---------- EXERCISE INPUTS ----------

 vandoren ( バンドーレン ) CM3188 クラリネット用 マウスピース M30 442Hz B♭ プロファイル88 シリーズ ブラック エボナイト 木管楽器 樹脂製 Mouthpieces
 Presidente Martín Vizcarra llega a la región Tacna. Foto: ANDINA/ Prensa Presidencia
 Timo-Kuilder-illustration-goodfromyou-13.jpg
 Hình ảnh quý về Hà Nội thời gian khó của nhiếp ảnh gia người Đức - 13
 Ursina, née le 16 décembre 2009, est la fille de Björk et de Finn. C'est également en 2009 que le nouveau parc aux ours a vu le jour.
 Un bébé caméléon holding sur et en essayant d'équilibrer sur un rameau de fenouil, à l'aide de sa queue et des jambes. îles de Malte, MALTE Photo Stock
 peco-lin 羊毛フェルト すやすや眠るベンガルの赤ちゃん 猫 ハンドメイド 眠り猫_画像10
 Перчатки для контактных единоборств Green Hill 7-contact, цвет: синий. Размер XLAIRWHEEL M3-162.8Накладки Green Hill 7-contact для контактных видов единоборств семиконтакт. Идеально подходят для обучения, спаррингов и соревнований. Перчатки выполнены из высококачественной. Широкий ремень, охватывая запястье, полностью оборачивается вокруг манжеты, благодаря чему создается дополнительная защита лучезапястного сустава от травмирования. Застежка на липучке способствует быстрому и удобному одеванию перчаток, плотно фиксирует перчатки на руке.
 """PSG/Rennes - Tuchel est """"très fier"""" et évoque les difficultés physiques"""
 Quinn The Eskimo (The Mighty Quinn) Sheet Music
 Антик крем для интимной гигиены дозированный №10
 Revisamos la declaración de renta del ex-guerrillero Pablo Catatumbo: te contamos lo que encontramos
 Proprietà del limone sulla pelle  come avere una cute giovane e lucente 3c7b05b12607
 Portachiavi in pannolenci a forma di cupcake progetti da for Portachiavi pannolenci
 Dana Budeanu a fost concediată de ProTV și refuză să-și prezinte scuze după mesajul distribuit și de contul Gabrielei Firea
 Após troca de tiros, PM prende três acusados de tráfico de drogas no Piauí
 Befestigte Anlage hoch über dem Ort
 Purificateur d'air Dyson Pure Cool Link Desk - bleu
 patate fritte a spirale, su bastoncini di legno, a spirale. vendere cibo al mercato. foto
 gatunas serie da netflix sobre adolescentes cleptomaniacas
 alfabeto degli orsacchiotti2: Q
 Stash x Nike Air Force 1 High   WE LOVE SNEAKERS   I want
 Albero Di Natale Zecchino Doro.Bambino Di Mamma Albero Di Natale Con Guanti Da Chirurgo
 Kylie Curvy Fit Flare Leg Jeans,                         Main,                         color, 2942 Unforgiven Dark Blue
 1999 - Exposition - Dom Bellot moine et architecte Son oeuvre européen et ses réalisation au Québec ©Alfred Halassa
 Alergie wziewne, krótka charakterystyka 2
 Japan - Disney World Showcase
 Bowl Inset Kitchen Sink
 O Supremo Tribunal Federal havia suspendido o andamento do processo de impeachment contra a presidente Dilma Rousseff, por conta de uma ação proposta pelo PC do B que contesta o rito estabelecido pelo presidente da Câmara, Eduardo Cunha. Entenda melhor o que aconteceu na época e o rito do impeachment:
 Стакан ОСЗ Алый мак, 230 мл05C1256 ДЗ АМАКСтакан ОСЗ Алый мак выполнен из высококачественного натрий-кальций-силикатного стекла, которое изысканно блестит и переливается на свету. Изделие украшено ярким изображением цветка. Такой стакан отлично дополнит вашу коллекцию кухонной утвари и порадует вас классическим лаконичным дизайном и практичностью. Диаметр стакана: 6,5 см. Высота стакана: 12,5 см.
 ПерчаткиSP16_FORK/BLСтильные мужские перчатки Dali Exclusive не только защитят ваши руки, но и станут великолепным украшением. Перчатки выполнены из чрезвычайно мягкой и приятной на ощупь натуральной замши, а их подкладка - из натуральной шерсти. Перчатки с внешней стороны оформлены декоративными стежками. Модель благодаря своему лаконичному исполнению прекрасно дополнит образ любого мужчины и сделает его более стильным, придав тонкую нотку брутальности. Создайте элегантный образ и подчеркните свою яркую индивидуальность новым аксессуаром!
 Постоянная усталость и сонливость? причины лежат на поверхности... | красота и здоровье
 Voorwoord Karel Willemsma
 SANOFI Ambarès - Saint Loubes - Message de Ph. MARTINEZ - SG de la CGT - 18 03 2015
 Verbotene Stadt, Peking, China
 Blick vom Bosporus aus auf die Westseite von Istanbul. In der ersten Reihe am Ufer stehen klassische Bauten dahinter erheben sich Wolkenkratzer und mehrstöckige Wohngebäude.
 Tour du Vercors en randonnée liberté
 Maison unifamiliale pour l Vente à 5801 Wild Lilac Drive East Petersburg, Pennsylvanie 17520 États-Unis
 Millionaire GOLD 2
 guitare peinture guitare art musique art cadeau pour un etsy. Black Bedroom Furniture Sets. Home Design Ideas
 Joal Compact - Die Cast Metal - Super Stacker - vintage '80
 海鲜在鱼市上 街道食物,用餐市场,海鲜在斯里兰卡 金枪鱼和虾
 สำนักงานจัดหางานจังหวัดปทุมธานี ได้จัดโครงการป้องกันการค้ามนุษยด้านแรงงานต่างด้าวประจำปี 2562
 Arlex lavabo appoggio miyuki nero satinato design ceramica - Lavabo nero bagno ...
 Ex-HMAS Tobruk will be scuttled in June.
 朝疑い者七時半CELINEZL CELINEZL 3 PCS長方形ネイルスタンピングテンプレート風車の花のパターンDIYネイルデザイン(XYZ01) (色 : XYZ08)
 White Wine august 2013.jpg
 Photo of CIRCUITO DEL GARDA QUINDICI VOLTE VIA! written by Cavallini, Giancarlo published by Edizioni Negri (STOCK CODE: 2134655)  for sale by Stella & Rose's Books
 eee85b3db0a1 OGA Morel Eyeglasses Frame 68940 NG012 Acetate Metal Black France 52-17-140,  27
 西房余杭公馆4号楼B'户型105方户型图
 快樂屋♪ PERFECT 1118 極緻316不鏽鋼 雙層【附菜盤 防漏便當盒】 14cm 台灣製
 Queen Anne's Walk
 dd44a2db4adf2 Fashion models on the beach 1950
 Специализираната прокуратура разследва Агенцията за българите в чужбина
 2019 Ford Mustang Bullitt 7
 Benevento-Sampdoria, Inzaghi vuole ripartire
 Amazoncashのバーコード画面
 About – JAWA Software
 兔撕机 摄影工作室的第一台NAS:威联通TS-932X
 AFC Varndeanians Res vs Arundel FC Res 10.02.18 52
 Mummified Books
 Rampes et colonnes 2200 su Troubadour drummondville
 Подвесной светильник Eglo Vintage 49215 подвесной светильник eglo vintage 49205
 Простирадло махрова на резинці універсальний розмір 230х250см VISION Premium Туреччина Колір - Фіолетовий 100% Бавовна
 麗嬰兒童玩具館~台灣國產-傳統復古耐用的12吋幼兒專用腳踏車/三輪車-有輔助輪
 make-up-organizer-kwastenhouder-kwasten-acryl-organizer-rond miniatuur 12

----------

● INSTRUCTIONS TO FOLLOW:
Above are some records; copy exactly the lines from the one with "Timo-Kuilder-illustration-goodfromyou-13.jpg" through the one with "Kylie Curvy Fit", both included, and no others.

● PROBLEM SOLUTION:
 Timo-Kuilder-illustration-goodfromyou-13.jpg
 Hình ảnh quý về Hà Nội thời gian khó của nhiếp ảnh gia người Đức - 13
 Ursina, née le 16 décembre 2009, est la fille de Björk et de Finn. C'est également en 2009 que le nouveau parc aux ours a vu le jour.
 Un bébé caméléon holding sur et en essayant d'équilibrer sur un rameau de fenouil, à l'aide de sa queue et des jambes. îles de Malte, MALTE Photo Stock
 peco-lin 羊毛フェルト すやすや眠るベンガルの赤ちゃん 猫 ハンドメイド 眠り猫_画像10
 Перчатки для контактных единоборств Green Hill 7-contact, цвет: синий. Размер XLAIRWHEEL M3-162.8Накладки Green Hill 7-contact для контактных видов единоборств семиконтакт. Идеально подходят для обучения, спаррингов и соревнований. Перчатки выполнены из высококачественной. Широкий ремень, охватывая запястье, полностью оборачивается вокруг манжеты, благодаря чему создается дополнительная защита лучезапястного сустава от травмирования. Застежка на липучке способствует быстрому и удобному одеванию перчаток, плотно фиксирует перчатки на руке.
 """PSG/Rennes - Tuchel est """"très fier"""" et évoque les difficultés physiques"""
 Quinn The Eskimo (The Mighty Quinn) Sheet Music
 Антик крем для интимной гигиены дозированный №10
 Revisamos la declaración de renta del ex-guerrillero Pablo Catatumbo: te contamos lo que encontramos
 Proprietà del limone sulla pelle  come avere una cute giovane e lucente 3c7b05b12607
 Portachiavi in pannolenci a forma di cupcake progetti da for Portachiavi pannolenci
 Dana Budeanu a fost concediată de ProTV și refuză să-și prezinte scuze după mesajul distribuit și de contul Gabrielei Firea
 Após troca de tiros, PM prende três acusados de tráfico de drogas no Piauí
 Befestigte Anlage hoch über dem Ort
 Purificateur d'air Dyson Pure Cool Link Desk - bleu
 patate fritte a spirale, su bastoncini di legno, a spirale. vendere cibo al mercato. foto
 gatunas serie da netflix sobre adolescentes cleptomaniacas
 alfabeto degli orsacchiotti2: Q
 Stash x Nike Air Force 1 High   WE LOVE SNEAKERS   I want
 Albero Di Natale Zecchino Doro.Bambino Di Mamma Albero Di Natale Con Guanti Da Chirurgo
 Kylie Curvy Fit Flare Leg Jeans,                         Main,                         color, 2942 Unforgiven Dark Blue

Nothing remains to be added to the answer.